Волчков с сопеньем выпускает из груди струю воздуха, вбирает в себя новую порцию и продолжает, понизив голос:
– Что ж мне теперь с тобой делать? А? Принимая во внимание твое умственное убожество, тебя отпустить бы следовало; соображаясь же с поступком и твоею наглостью, тебе задать надо… Непременно надо… Довольно уж вас баловать… До-воль-но! Послал за урядником… Акт сейчас составим… Послал… Улика налицо… Пеняй на себя… Не я тебя наказываю, а тебя твой грех наказывает… Умел грешить, сумей и наказание претерпеть… Охо-хоххх… Господи, прости нас грешных! Беда с этими… Ну, как у вас яровое?..
– Ничего… милости господни…
– Чего же ты глазами моргаешь?
Хромой конфузливо кашляет в кулак и поправляет поясок.
– Чего глазами моргаешь? – повторяет Волчков. – Ты скворца убил, ты же и плакать собираешься?
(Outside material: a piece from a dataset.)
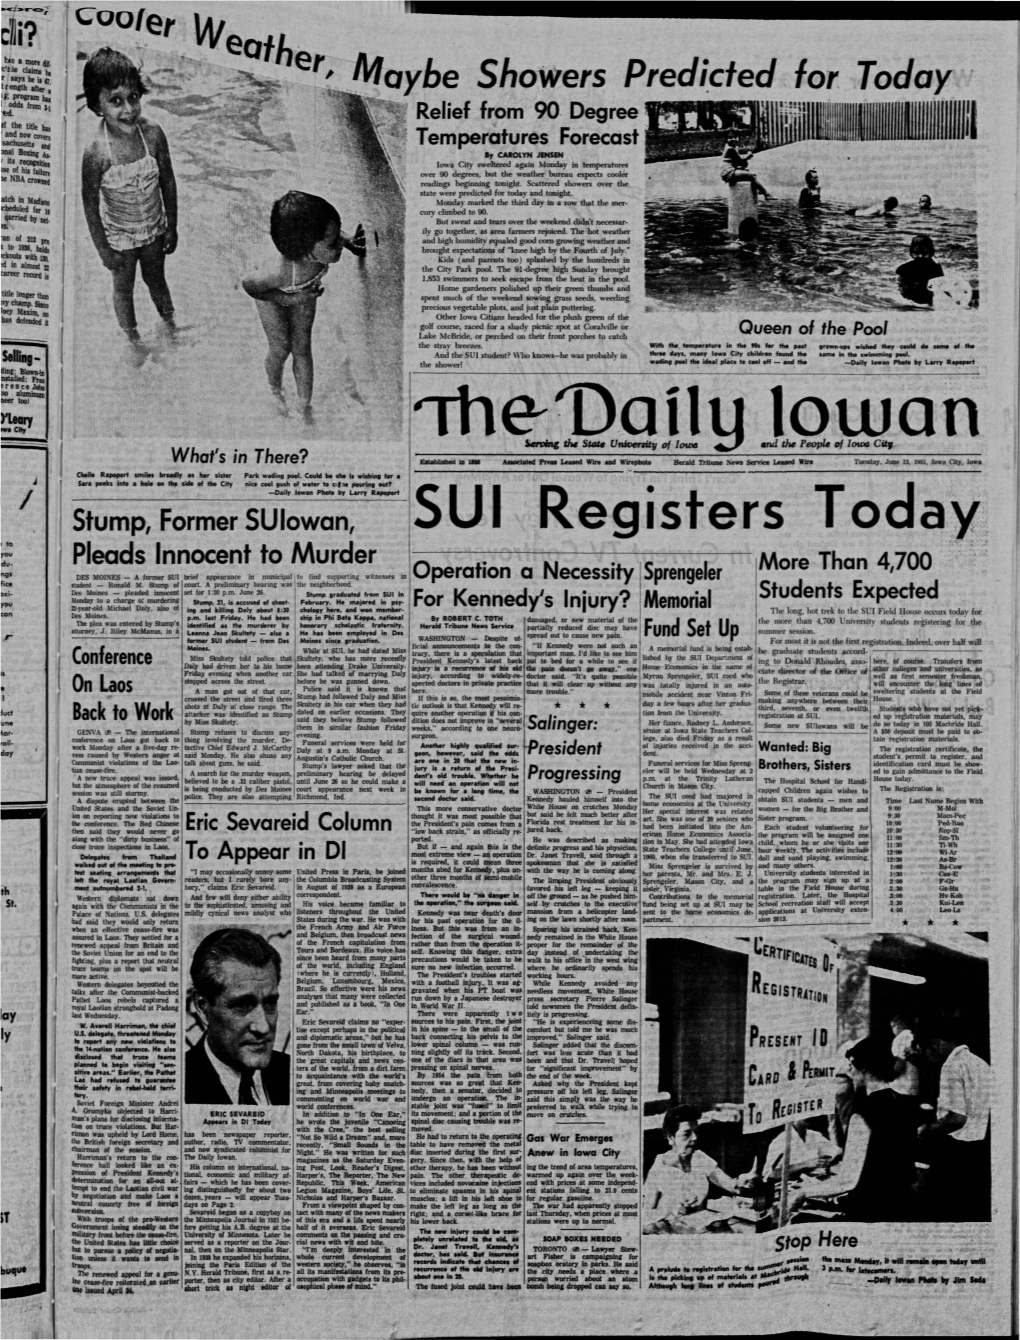 Daily Iowan (Iowa City, Iowa), 1961-06-13
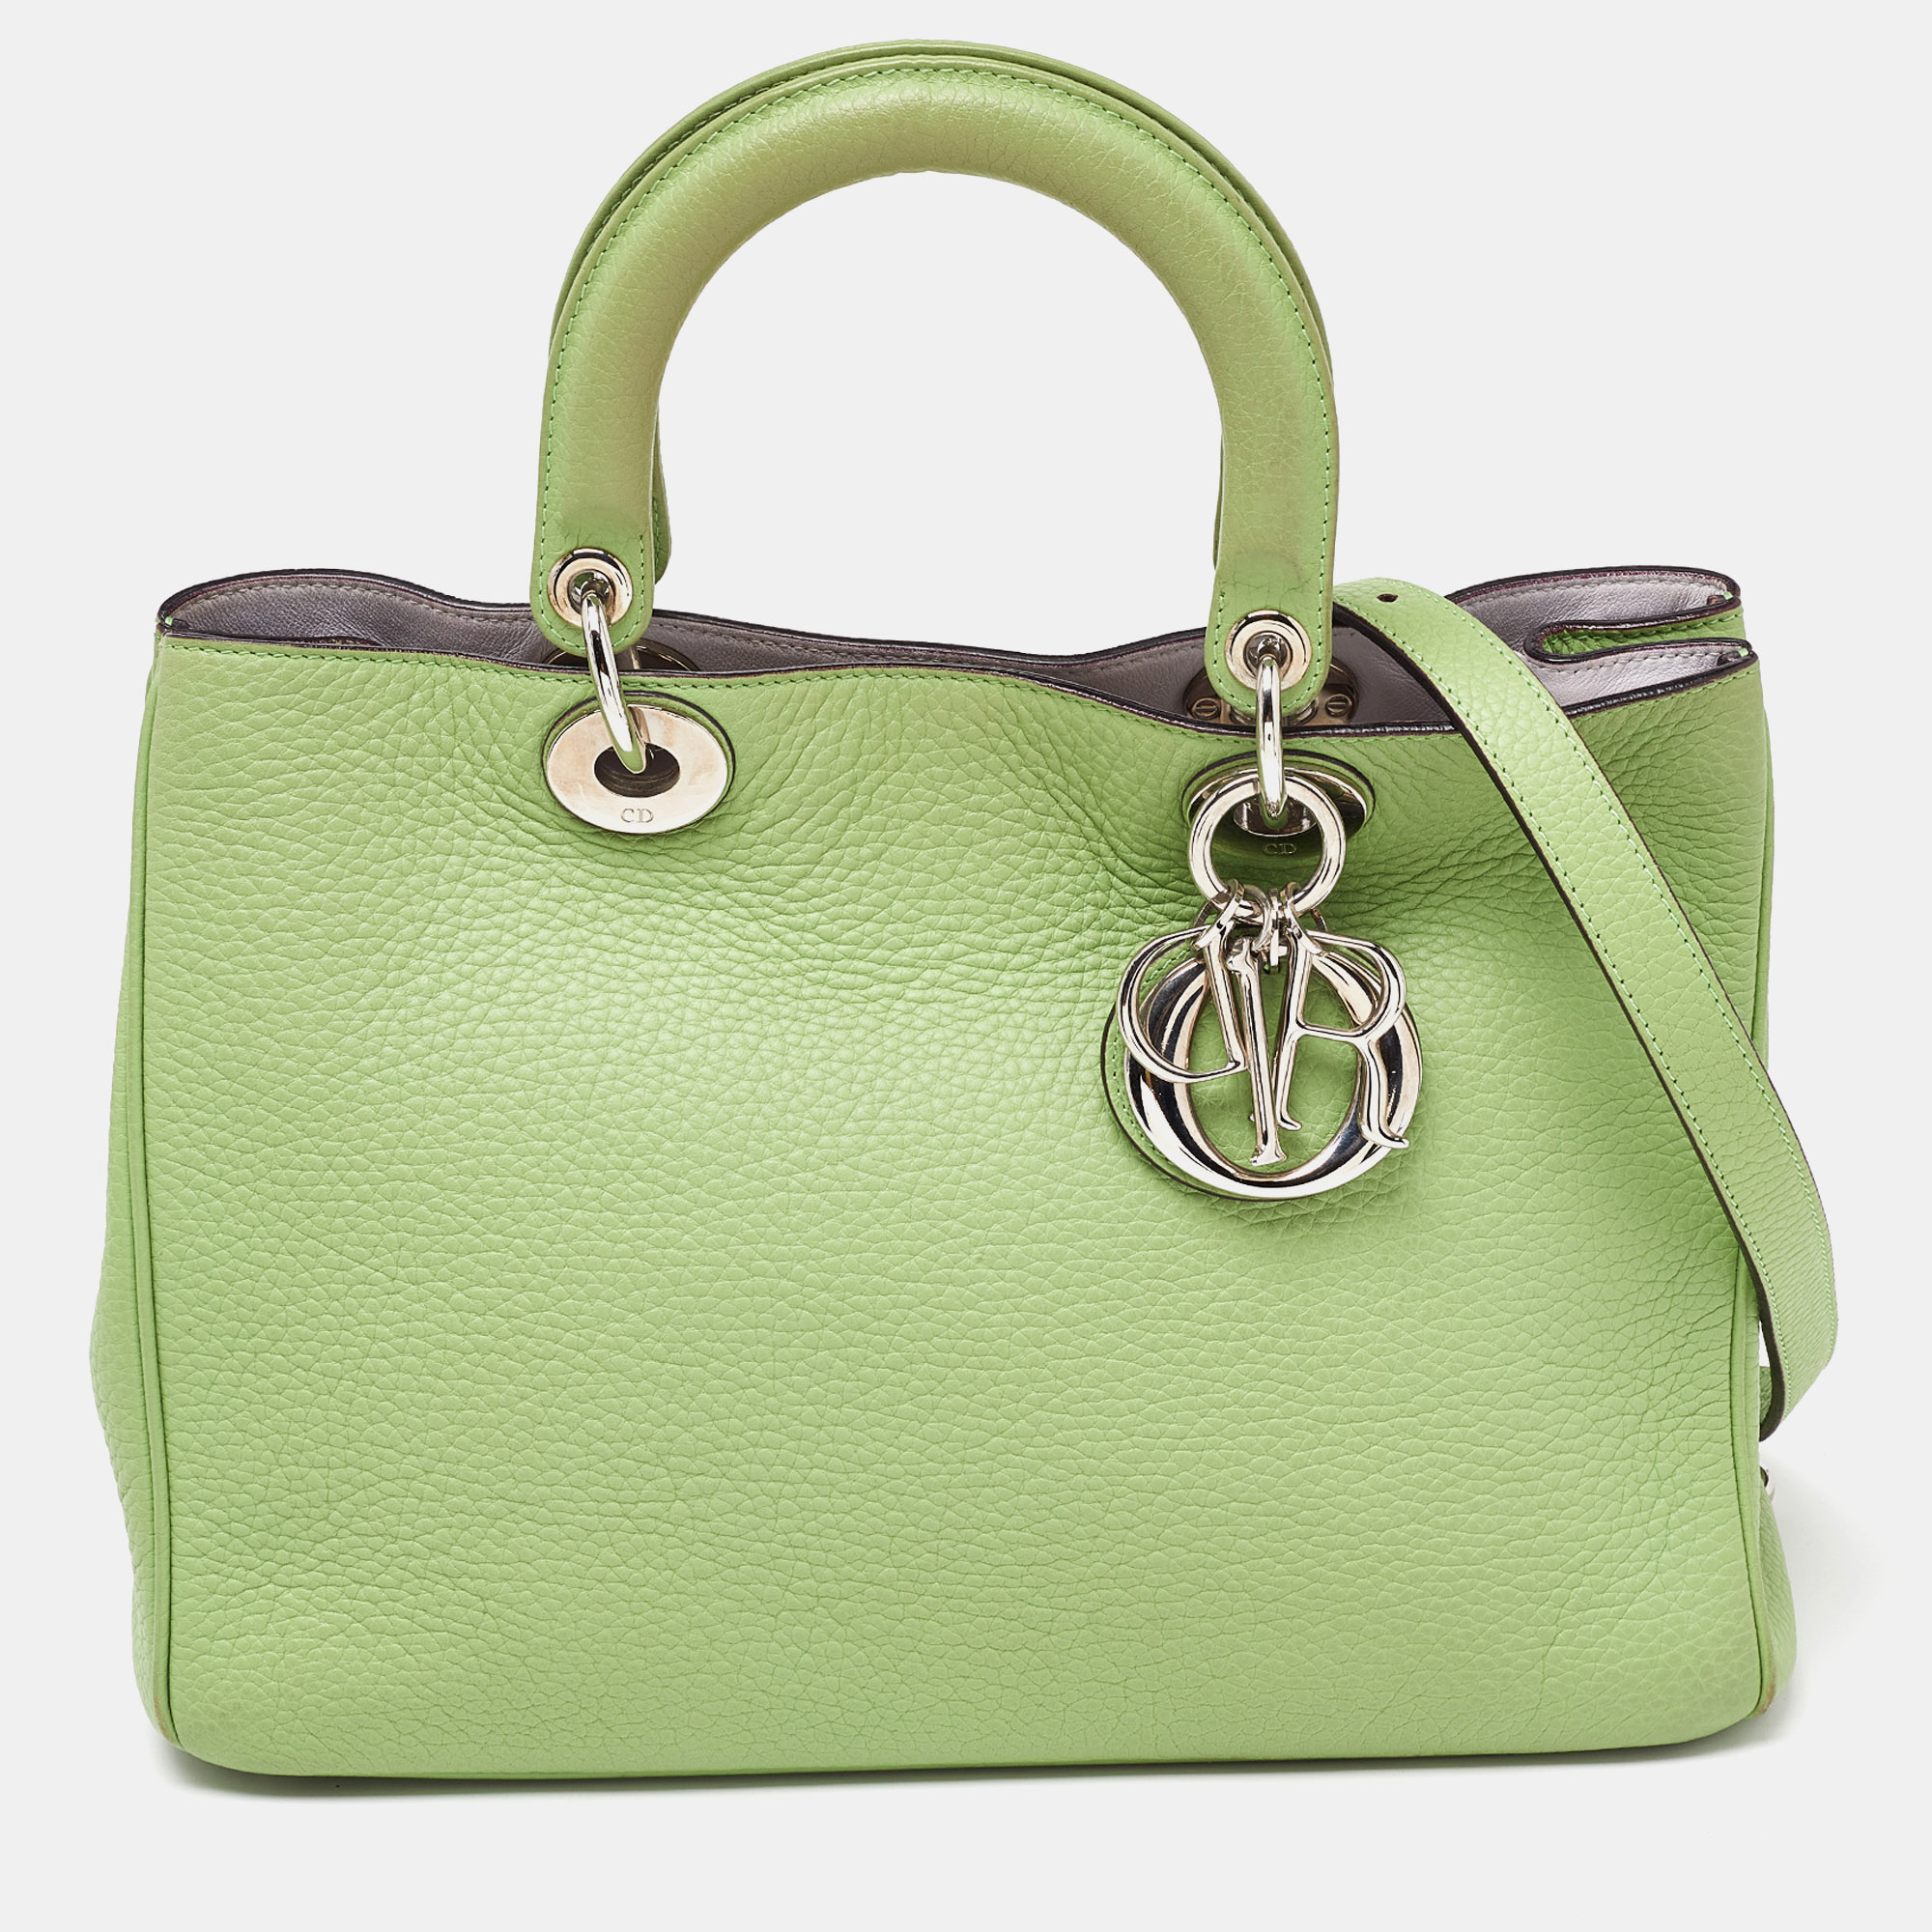 Dior green leather medium diorissimo shopper tote

– Ваше высокоблагородие! – говорит Хромой дребезжащей фистулой, громко, как бы собравшись с силами. – Вам, по вашему человеколюбию, обидно за то, что я птаху, положим, убил… Укоряете вы меня, это самое, не потому, стало быть, что вы барин есть, а потому, что обидно… по вашему человеколюбию… А мне нешто не обидно? Я человек глупый, хоть и без понятия, а и мне… обидно-с… Разрази господи…
– Так зачем же ты стрелял, ежели тебе обидно?